Dos tendencias dominan de forma complementaria los comportamientos sociales del hombre moderno: el individualismo egoico -corrupción de la libertad y la responsabilidad personal- y el gregarismo uniformizante -corrupción de la solidaridad comunitaria-, que se articulan entre sí para generar un egoísmo de masas y un individualismo gregario, equilibrio de la insensatez que se plasma especialmente en mecanismos de cohesión como el fenómeno de la moda, verdadero culto al ídolo de la transitoriedad y la exterioridad, que da a la sociedad el aire de un carnaval perpetuo, patentizando la decadencia de un mundo que exhibe sin inhibiciones la vanidad que hasta hace no mucho tenía, al menos, el pudor y la decencia de ocultar.

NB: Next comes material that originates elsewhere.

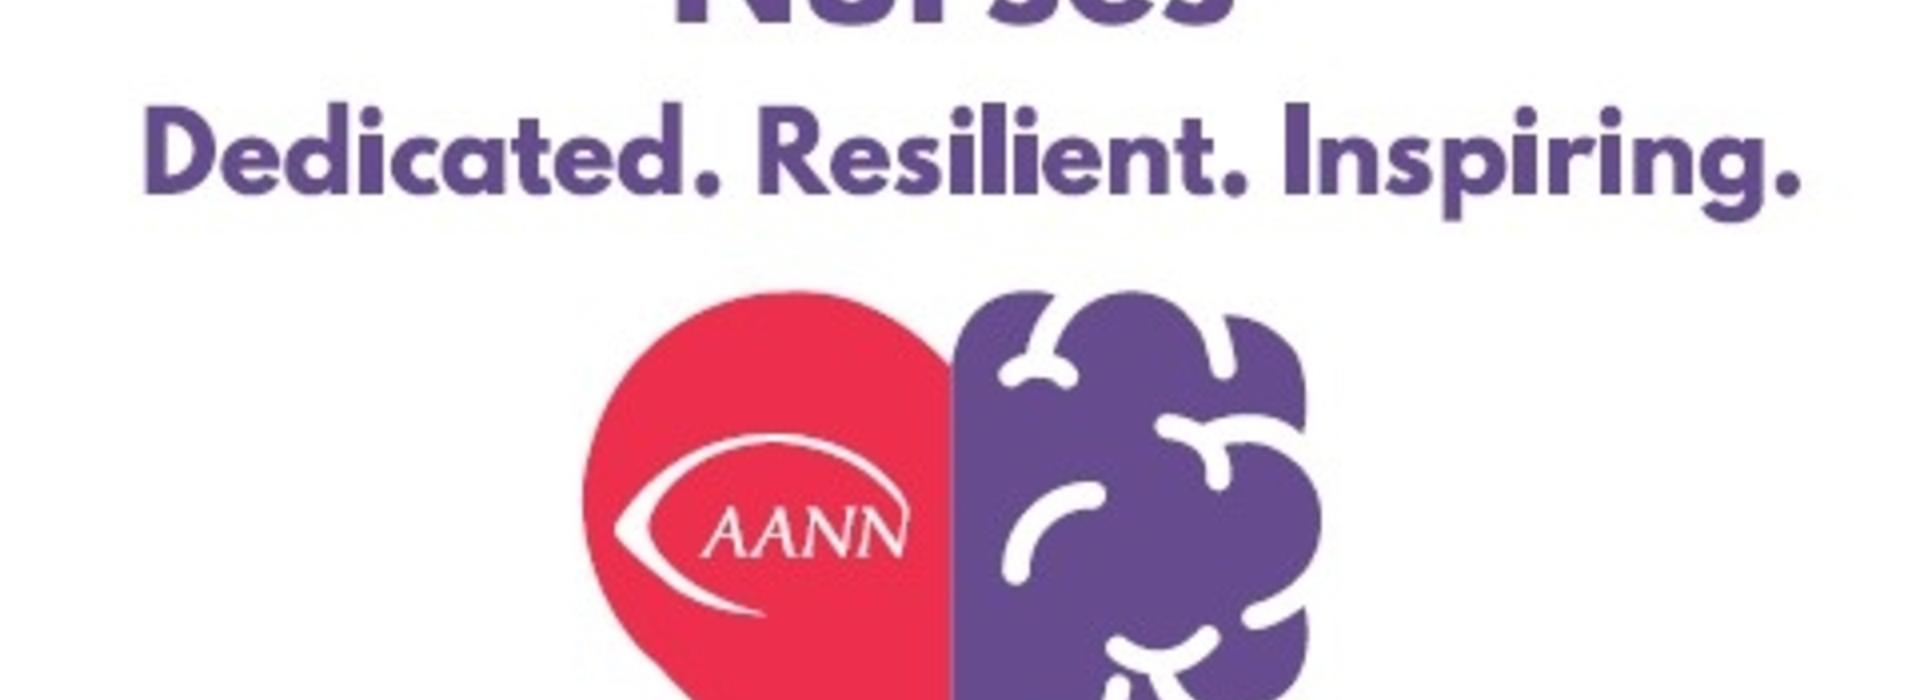 Neuroscience Nurses Week Logo

Diestra en ejercicios de malabarismo moral, la sociedad actual transmuta el vicio en virtud con la sola condición de que sea pregonado a los cuatro vientos, confunde la desfachatez con la sinceridad, la espontaneidad con la interiorización acrítica de valores prefabricados, condena toda inhibición como axiomáticamente mórbida, ensalza el permiso autoconcedido para la caída en el vacío como actitud liberadora y hace del exhibicionismo de la vileza condición digna de loa y de respeto. Nada de extraño, pues, en que fenómenos de masas, como la moda o los espectáculos deportivos, a los que hasta hace poco se les reconocía implícitamente una cierta intranscendencia, se promuevan al rango de respetable expresión cultural, con el beneplácito, al menos implícito, de buena parte de la intelectualidad; y así un desfile de modelos puede ser un acontecimiento cultural tan importante, si no más, que la representación de una obra de Esquilo o de Shakespeare.

Expresión nítida de la instantaneidad que atomiza las vivencias en el mundo moderno, la relación con los objetos se convierte en asociación pasajera y estrictamente instrumental: todo ahora se fabrica para usar y tirar o -según la pulcra variante ecologista- para usar y reciclar. Atrás quedó el tiempo en que las cosas se transmitían piadosamente como herencia espiritual, cargadas de pa­sado y, por ello mismo, portadoras, a la vez, de un mensaje intemporal: todo se tira y se reemplaza. La legítima identificación con los objetos basada no en la cosificación de las personas, sino en la personalización de unas presencias cargadas de historia y de sentido -en definitiva, de alma-, es una relación que, lejos de alienar, alimentaba la vida espiritual. Pero para ello el objeto exige belleza en su creación, nobleza en su funcionalidad, capacidad de impregnación y tiempo de vida. Nada de eso existe en los materiales sintéticos, ni sobrevive a la fabricación en serie, ni es compatible con las necesidades del mercado, así que la relación con los objetos se reduce a un afán de acumulación cuantitativa y uso funcional, mera sensación de posesión que invierte, con su mecanismo diabólico, la relación entre poseedor y poseído: un continuado flujo de objetos asépticos e impermanentes se apropia subrepti­ciamente de un sujeto esclavizado, obligado a su utilización, que no puede prescindir de los efímeros y demenciales cachivaches y trebejos que su vesania genera.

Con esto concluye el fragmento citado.